Bartok: Suite No. 1, Two Pictures etc. - Kocsis
Hungaroton HSACD 32505
Classical - Orchestral
Bartok: Suite No. 1 Op. 3, Two Pictures Op. 10, Dances of Transylvania, Hungarian Peasant Songs
Hungarian National Philharmonic Orchestra
Zoltán Kocis (conductor)
Support this site by purchasing from these vendors:
Review by Graham Williams - February 25, 2010
The major item on this new Hungaroton SACD is Bartok’s cheerful and engagingly tuneful early Suite No. 1 for orchestra written in 1905 a few years after he had discovered, and become an adherent of, the music of Richard Strauss. It is very much the work of a young man full of confidence in his compositional abilities, but also of one who had not yet found his own distinctive voice. The work is written in five movements, an early example of the composer’s use of a symmetrical form. While the Straussian style shows through in all four movements, it is the warmth and sweep of Wagner’s prelude to ‘Die Meistersinger von Nürnberg’ that is immediately apparent in the suite’s opening movement. The energetic middle movement is the Hungarian equivalent of one of Dvorak’s ‘Slavonic Dances’ though the middle trio section has hints of the composer’s later style. The suite’s final movement uses the themes from the previous four, but this time presented in reverse order, a further example of Bartok’s fascination with symmetry. Kocsis’s performance of this enjoyable work is masterly and there is much imaginative solo playing from members of the orchestra in each of the five movements.
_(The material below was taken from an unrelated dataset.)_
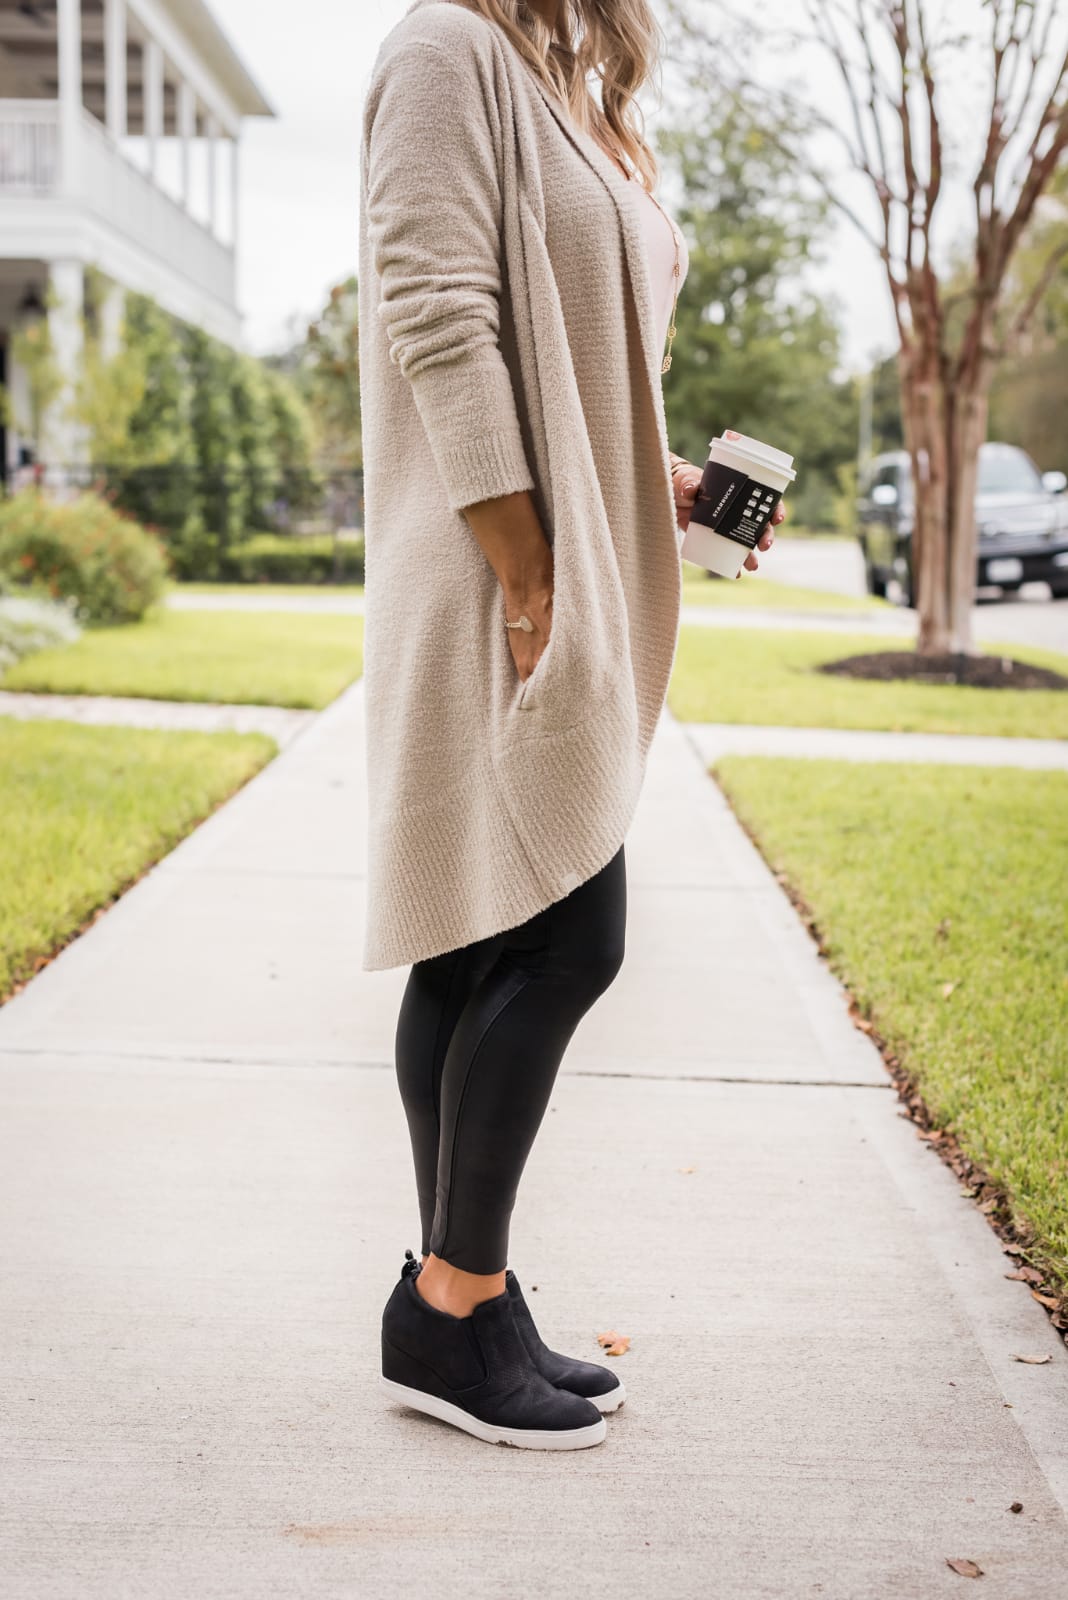 https://eb2pgoq5kpf.exactdn.com/wp-content/uploads/2018/10/Cozy-Fall-Outfit-Inspiration-Barefoot-Dreams-cardigan-and-Gibson-soft-tank-with-Spankx-leggings-and-sneakers-1.jpg?strip=all&lossy=1&resize=1068%2C1600&ssl=1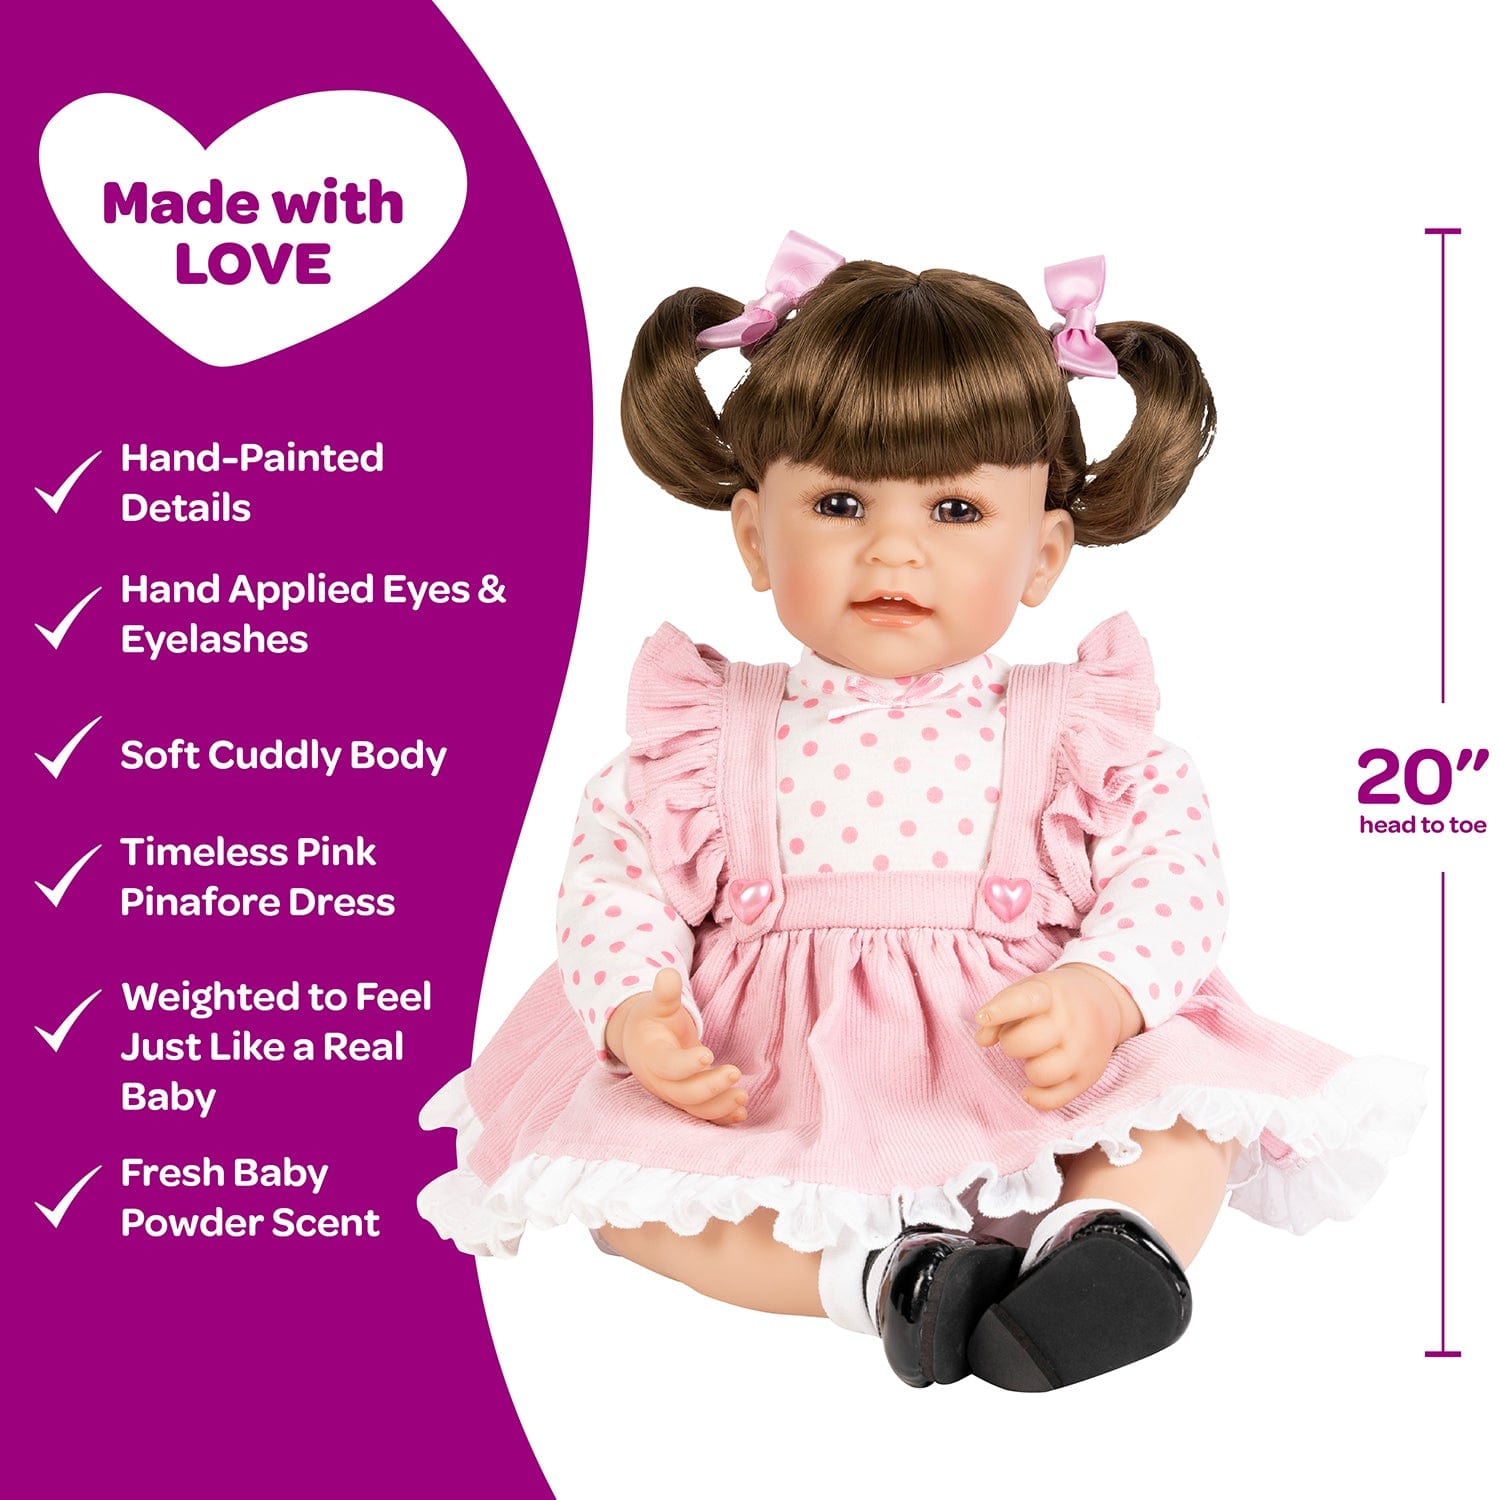 Adora Toddlertime Vintage Girl Baby Doll, Doll Clothes & Accessories Set

The first of the ‘Two Pictures’ of 1910, though unmistakably by Bartok is influenced by the impressionism of Debussy while the vigorous second, entitled ‘Village Dance’, reflects the composer’s fascination with east European folk music.
The remainder of the disc consists of orchestral transcriptions that Bartok made of his more popular piano pieces. The ‘Dances of Transylvania’ (1931) is an orchestral version of his short ‘Sonatina’ written in 1915, while the ‘Hungarian Peasant Songs’ (1933) are arranged from nine of the fifteen songs written for piano.
The playing of the Hungarian National Orchestra under Zoltán Kocsis throughout this disc is totally idiomatic. The woodwind have an authentically distinctive timbre that suits the folk inspired pieces such as the Transylvanian Dances and Hungarian Peasant Songs perfectly, and it would be hard to imagine Bartok’s favourite bagpipe sounds being realised with greater earthiness than here. Though the Budapest Festival Orchestra and Ivan Fischer may have a more glamorous international profile, the Hungarian National Orchestra under Kocsis is unquestionably their equal when performing Bartok.
The ‘Hungarian Peasant Songs’ were recorded in 2002 in the Italian Institute, Budapest, and first appeared on an earlier Hungaroton disc that was not part of the ‘Bartok New Series’ Bartok: Concerto for Orchestra, Dance Suite - Kocsis, while the rest of the programme recorded here was taped between 2007 and 2009 in the Palace of Arts, Budapest. The quality of the recordings made in the separate venues is well matched and consistently very fine with plenty of immediacy and a pleasing ambience in both stereo and surround versions.
An enthusiastic recommendation to the latest issue in this excellent Bartok series is definitely warranted.